Music News Recap: Rhapsody Revenue & Losses, No Tidal Buyout, YouTube Star Not “Fair Use”

Posted by Glen Sears | March 7, 2016 10:22 am | No Comments

rhapsody music streaming 2015 finanicials

Story of the Week

Rhapsody Next Streaming Service to Pair Big Revenue Growth With Big Losses
Like many other streaming services, according to its 2015 financials Rhapsody has conformed to the “bigger revenues/bigger losses” streaming music growth model. The numbers, published by RealNetworks as part of its financial report, show Rhapsody’s revenues rose from $173.5M in 2014 to $202M in 2015 – growth of 16.4%. However, its net losses rose from $21.3M in 2014 to $35.5M in 2015, representing a 66.3% increase year-on-year.

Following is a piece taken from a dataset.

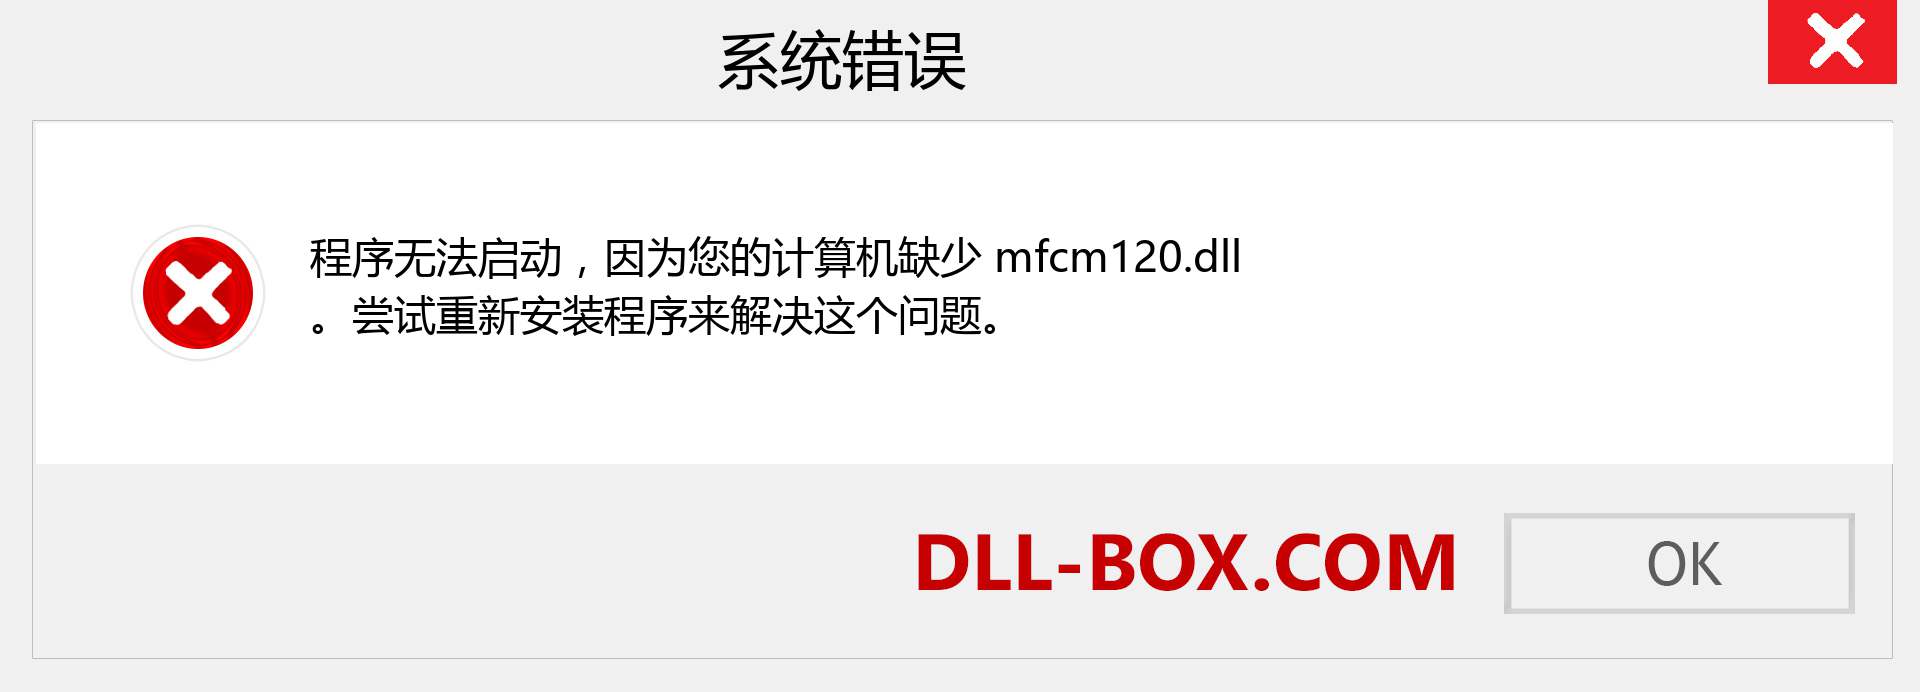 mfcm120.dll 文件丢失？。 适用于 Windows 7、8、10 的下载 - 修复 Windows、照片、图像上的 mfcm120 dll 丢失错误

This came as Rhapsody’s subscriber base grew by 45% in 2015, revealed in February in RealNetworks’ last earnings call – the company still holds a 43% stake in Rhapsody. Rhapsody reached 2M subscribers in July 2014 and 3M in July 2015. It’s thus reasonable to suggest that it had around 2.5M at the end of 2014, with 45% growth in 2015 indicating around 3.6M by the end of that year.

With Rhapsody, Spotify, Soundcloud, and others all posting major losses, and their competitors can absorb streaming losses with their income from device sales, advertising and e-commerce…2016 might be the year to talk more about what it means to succeed in streaming long term.